- _Extracted material_
....

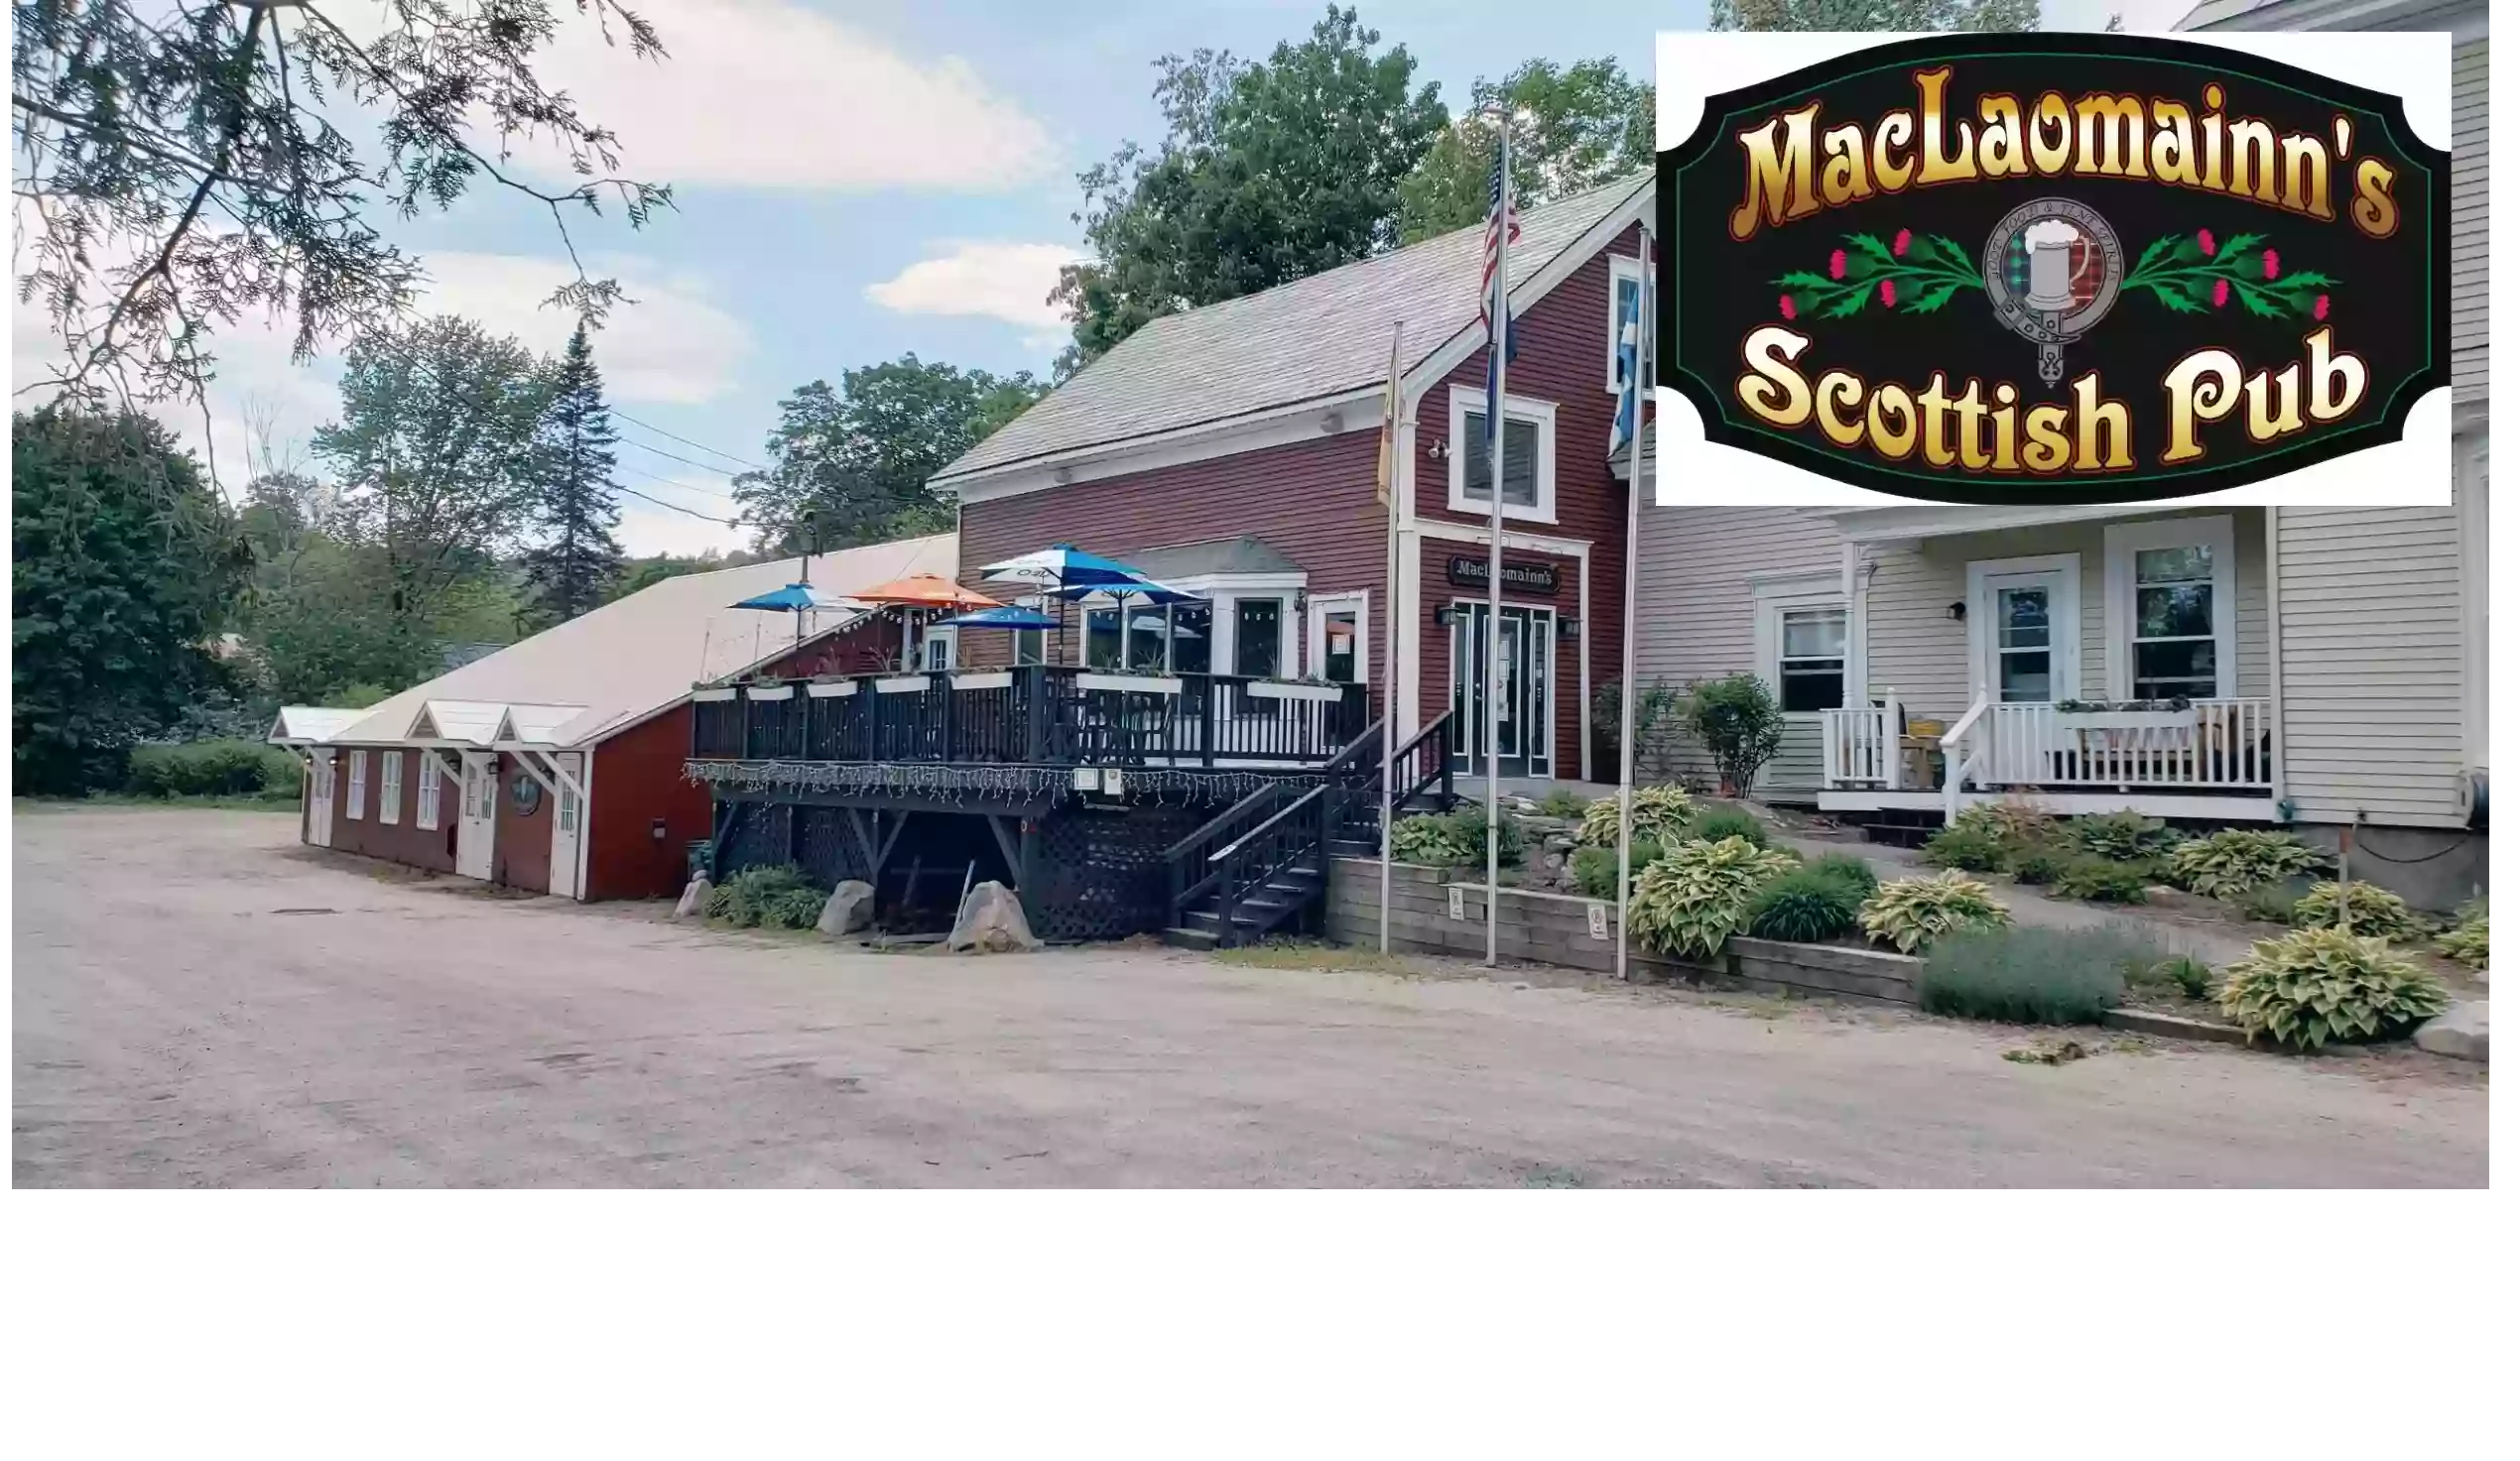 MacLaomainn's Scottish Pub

....

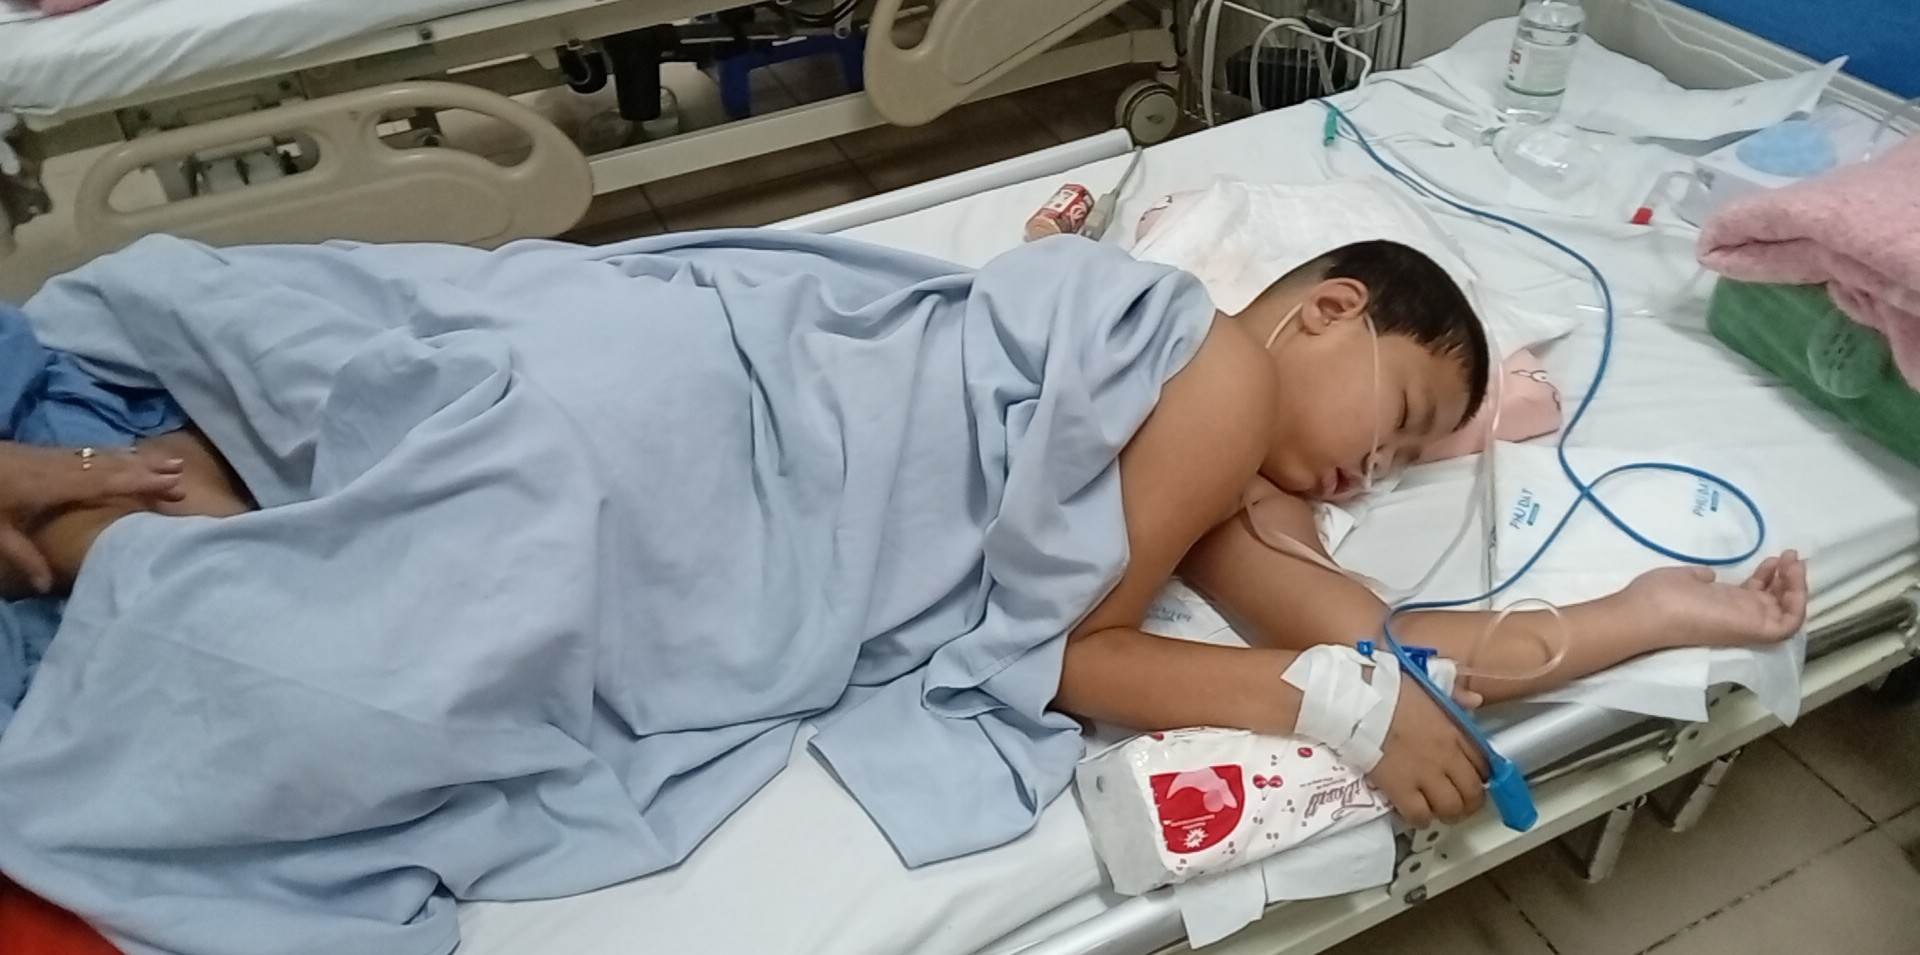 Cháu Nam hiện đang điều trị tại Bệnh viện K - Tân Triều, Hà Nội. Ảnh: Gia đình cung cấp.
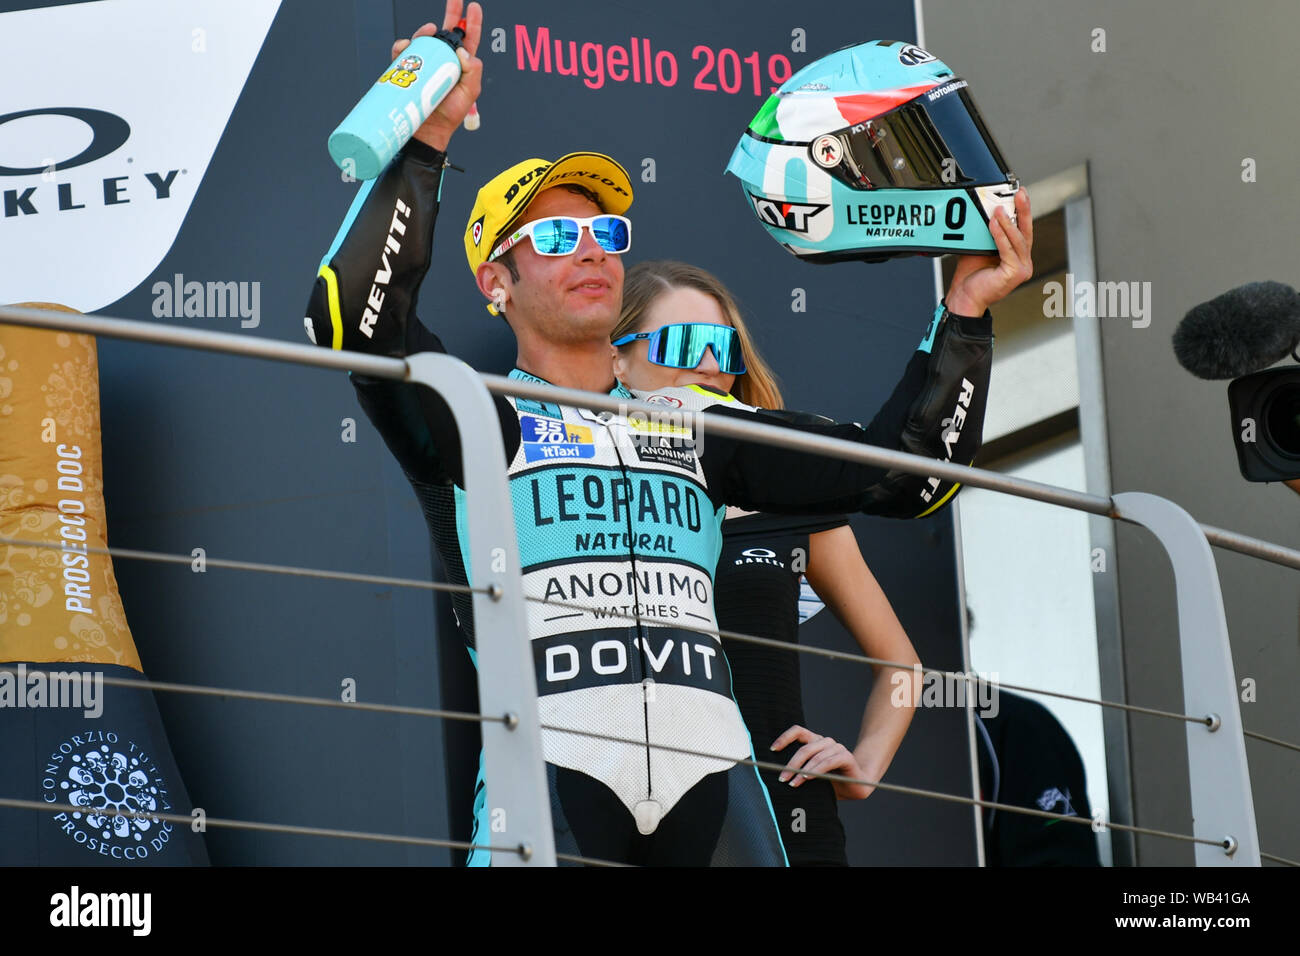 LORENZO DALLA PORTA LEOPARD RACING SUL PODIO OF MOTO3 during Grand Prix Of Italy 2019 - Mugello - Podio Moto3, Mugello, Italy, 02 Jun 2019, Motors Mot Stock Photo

....

- _Task statement_
Although the records above contain pictures, the copy should not; retype exactly the lines from the one containing "Cháu Nam hiện" through the one containing "LORENZO DALLA PORTA".

- _Answer for this exercise_
 Cháu Nam hiện đang điều trị tại Bệnh viện K - Tân Triều, Hà Nội. Ảnh: Gia đình cung cấp.
 LORENZO DALLA PORTA LEOPARD RACING SUL PODIO OF MOTO3 during Grand Prix Of Italy 2019 - Mugello - Podio Moto3, Mugello, Italy, 02 Jun 2019, Motors Mot Stock Photo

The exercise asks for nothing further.